#### Task instructions:
Only a slice of the listing below is wanted. Retype the lines from the one containing "Vans SK8-HI Black / White" through the one containing "La cuisine de", exactly, both ends included.

#### Records for this exercise:
■ ■ ■ ■

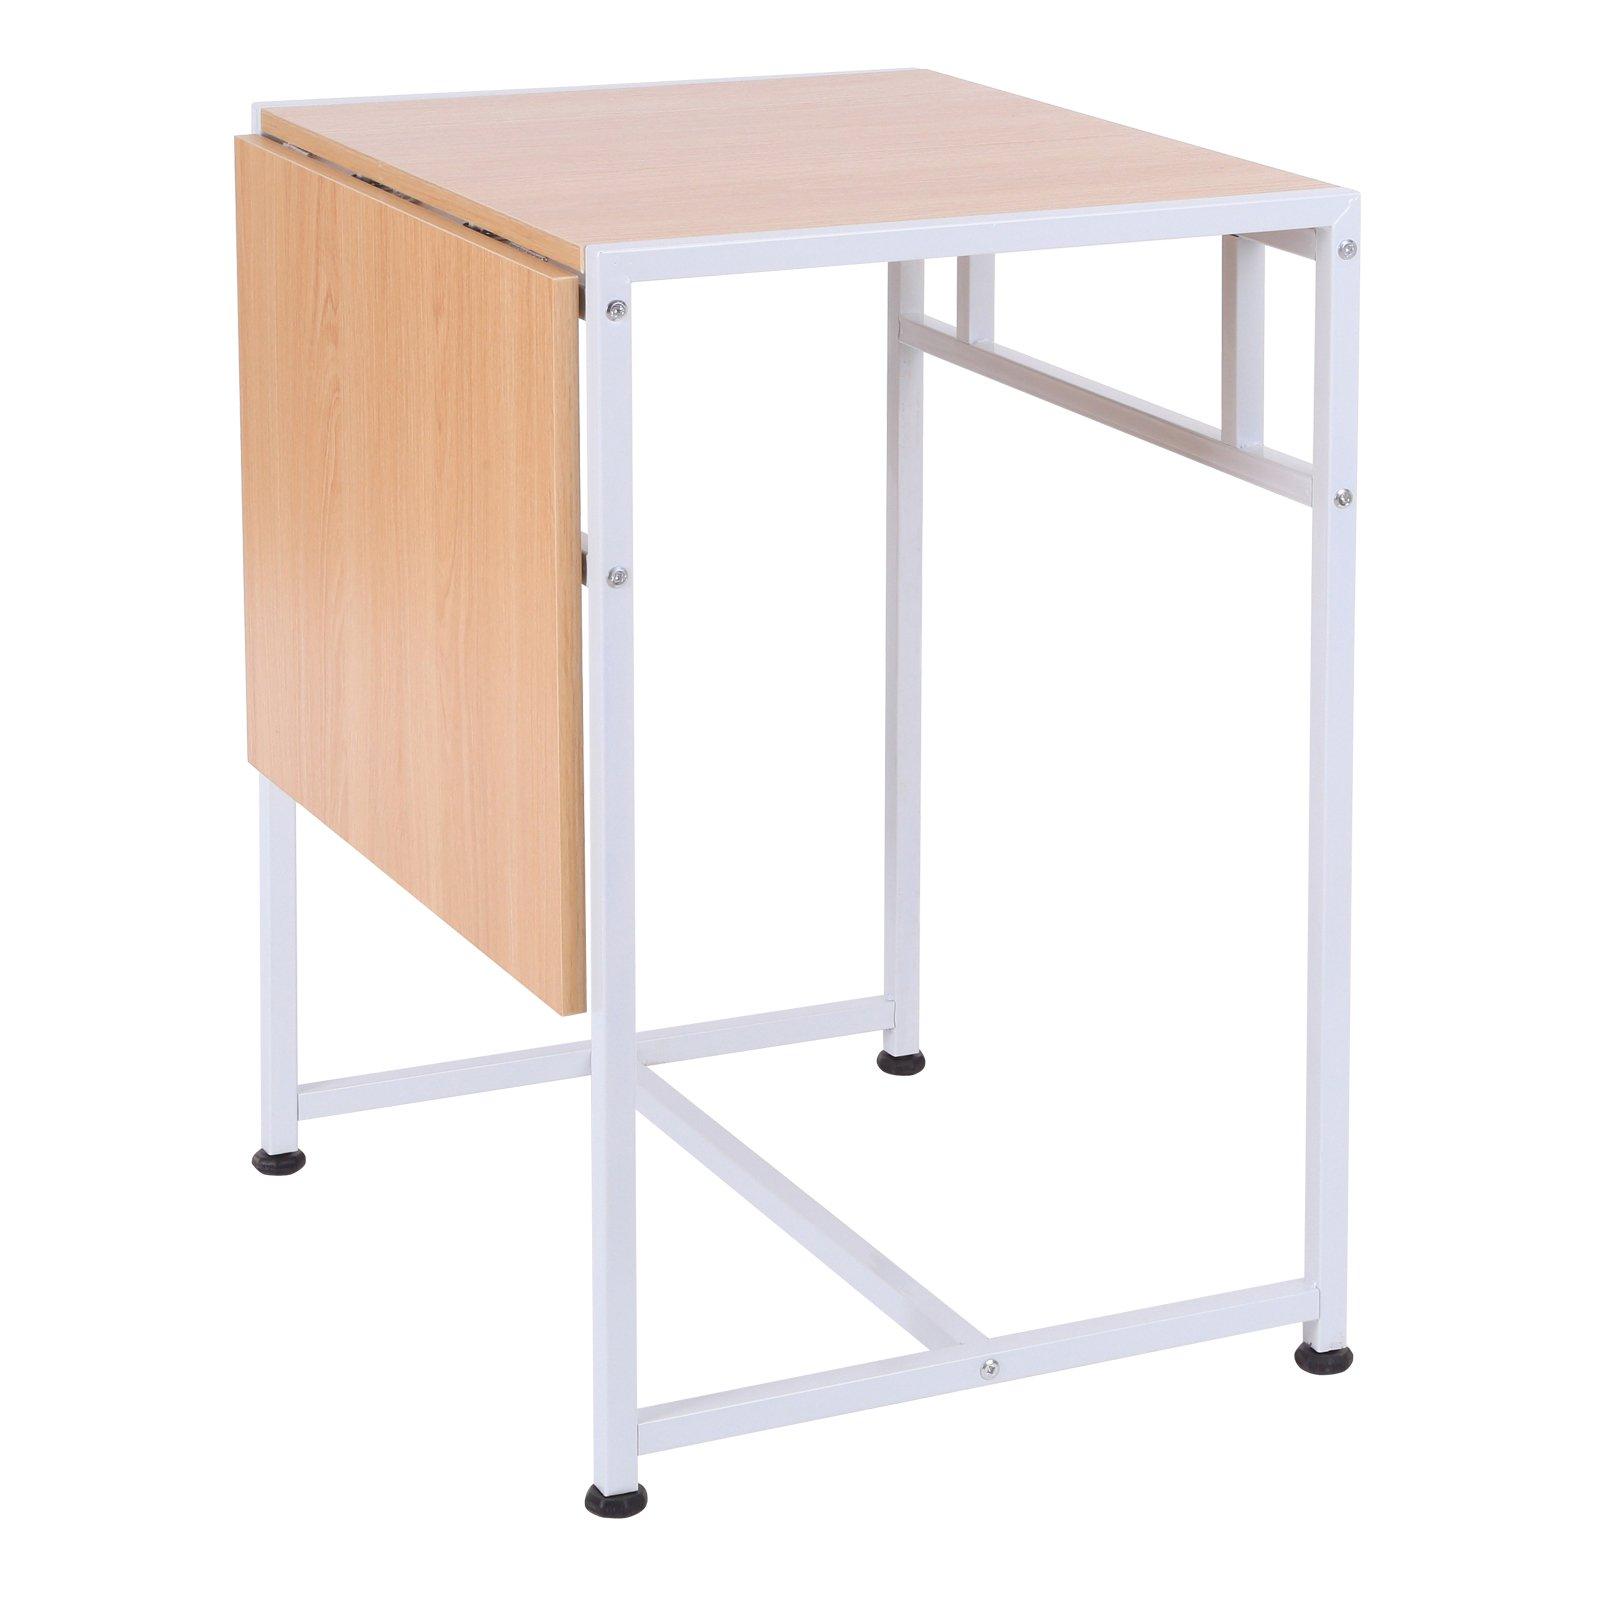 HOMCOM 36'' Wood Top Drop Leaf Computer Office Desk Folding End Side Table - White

■ ■ ■ ■

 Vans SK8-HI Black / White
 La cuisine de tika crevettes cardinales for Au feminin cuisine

■ ■ ■ ■

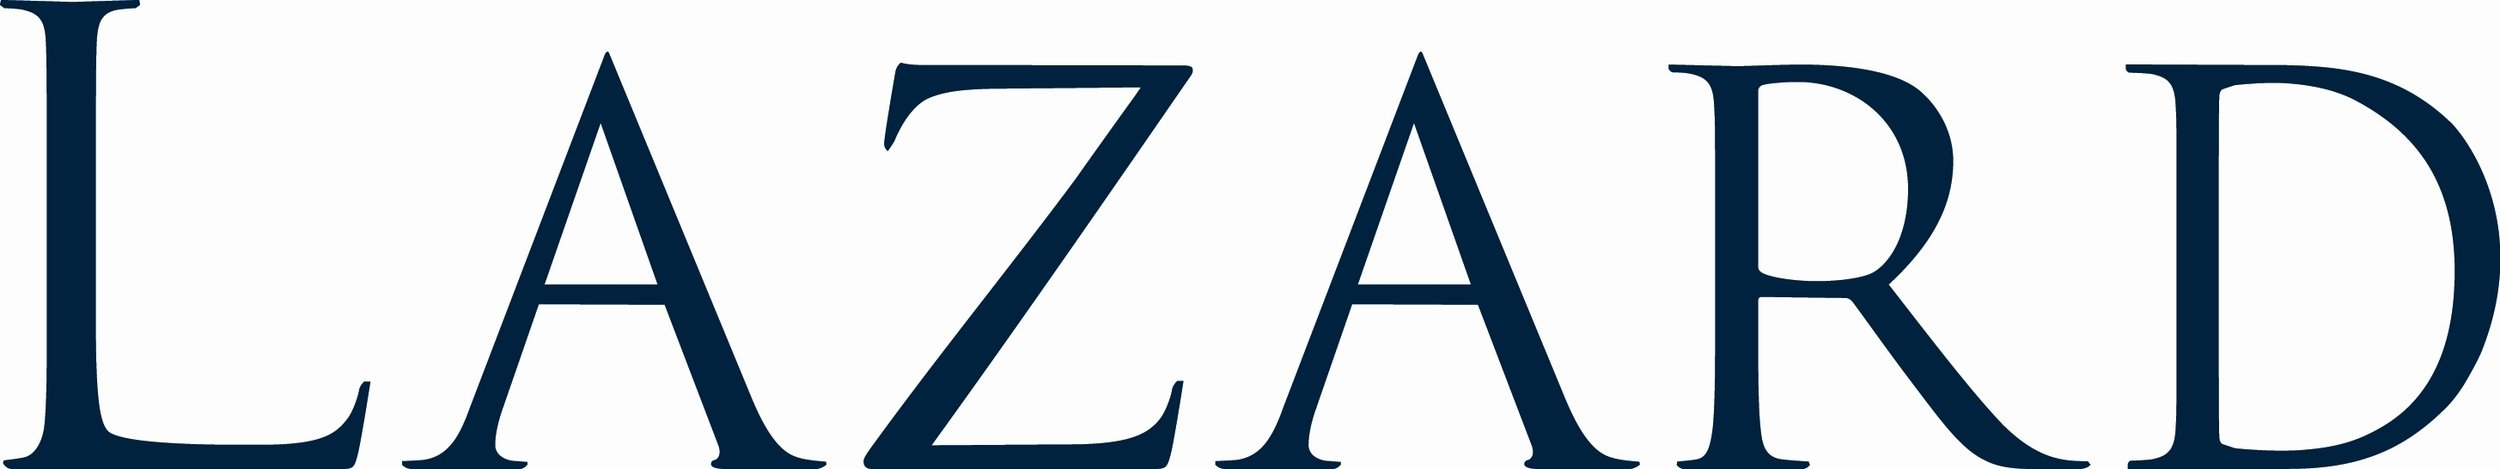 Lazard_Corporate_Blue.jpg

■ ■ ■ ■

#### Solution to this problem:
 Vans SK8-HI Black / White
 La cuisine de tika crevettes cardinales for Au feminin cuisine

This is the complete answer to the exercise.